Any combination of delays and rotation matrices, applied in succession to a collection of audio signals, will result in a flat frequency response, since each individual operation does. This already allows us to generate an infinitude of flat-response delay networks, but so far, none of them are recirculating. A third operation, shown in Figure 7.14, allows us to make recirculating networks that still enjoy flat frequency responses.

Figure 7.14: Flat frequency response in recirculating networks: (a) in general, using a rotation matrix $R$; (b). the ``all-pass" configuration.

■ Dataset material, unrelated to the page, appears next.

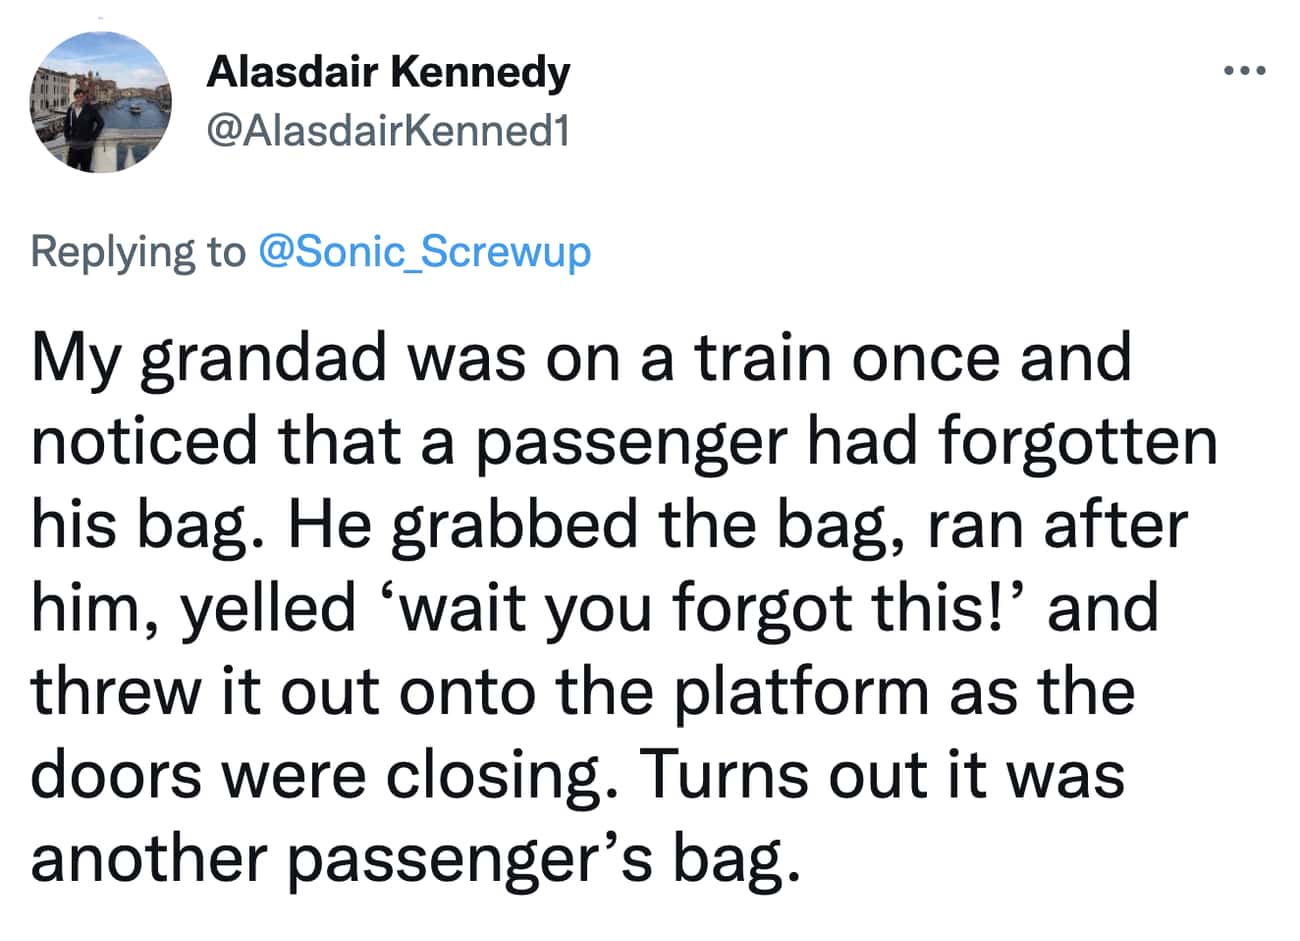 Forgetting A Bag On The Train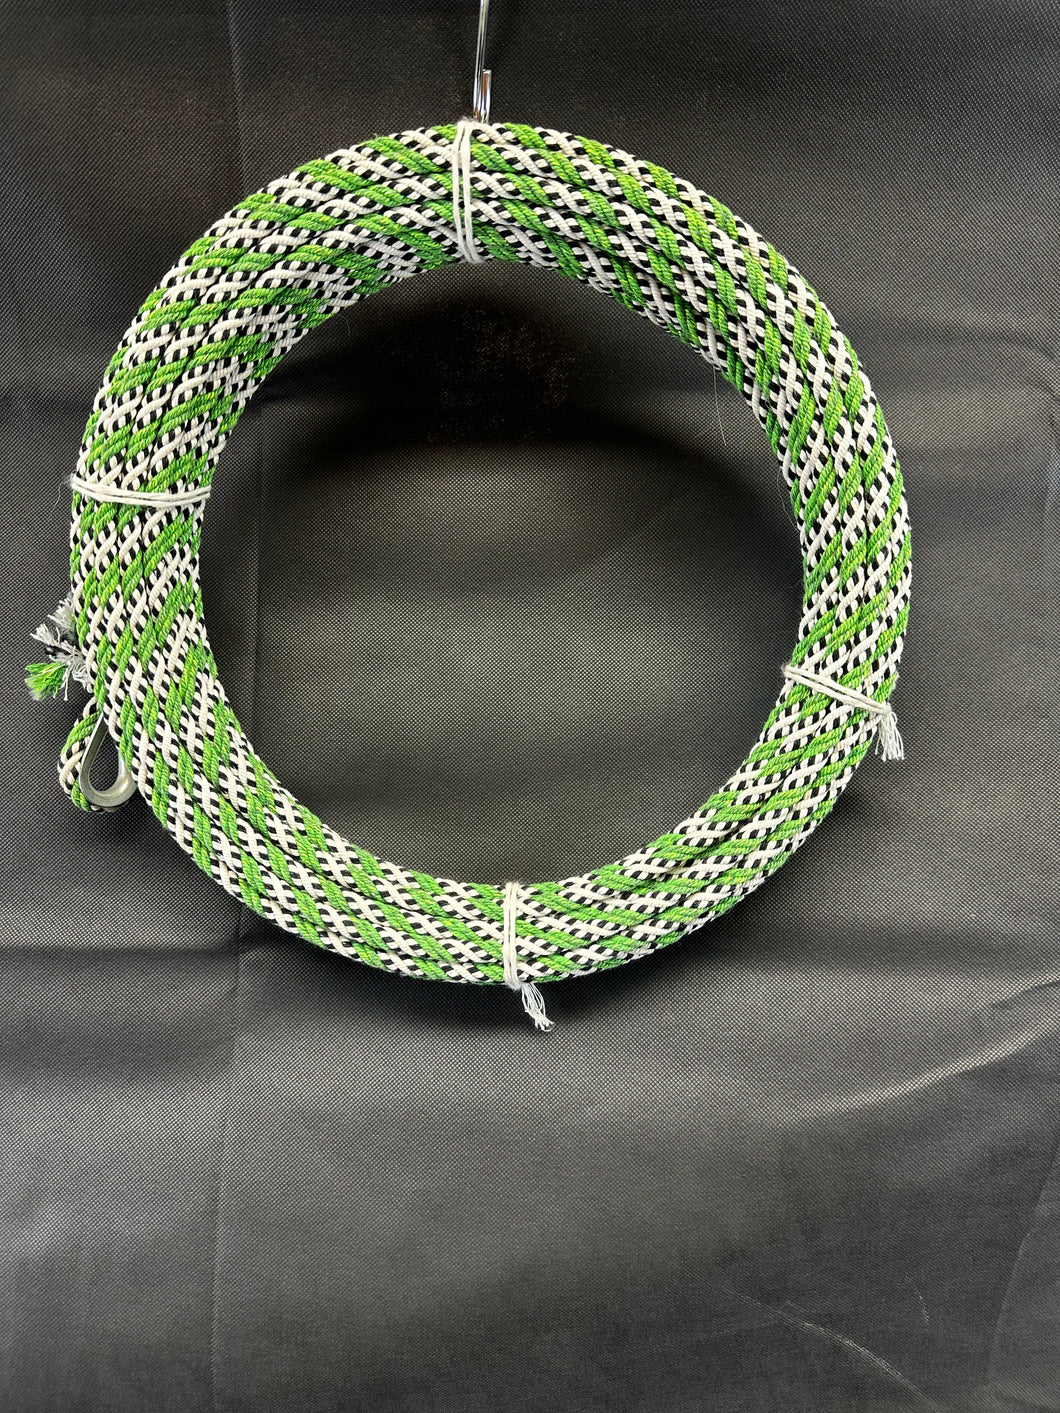 Cotton Rope, 5/16, 65 foot

Part (a) of the figure shows the general layout. The transformation $R$ is assumed to be any combination of delays and mixing matrices that are power preserving in the aggregate. The signals ${x_1}, \ldots {x_k}$ go into a unitary delay network, and the output signals ${y_1}, \ldots {y_k}$ emerge. Some other signals ${w_1}, \ldots {w_j}$ (where $j$ is not necessarily equal to $k$) appear at the output of the transformation $R$ and are fed back to its input.

If $R$ is indeed power preserving, the total input power (the power of the signals ${x_1}, \ldots {x_k}$ plus that of the signals ${w_1}, \ldots {w_j}$) must equal the output power (the power of the signals ${y_1}, \ldots {y_k}$ plus ${w_1}, \ldots {w_j}$), and subtracting all the $w$ from the equality, we find that the total input and output power are equal.

If we let $j=k=1$ so that there is one $x$, $y$, and $w$, and let the transformation $R$ be a rotation by $\theta$ followed by a delay of $d$ samples on the $W$ output, the result is the well-known all-pass filter. With some juggling, and letting $c = \cos(\theta)$, we can show it is equivalent to the network shown in part (b) of the figure. All-pass filters have many applications, some of which we will visit later in this book.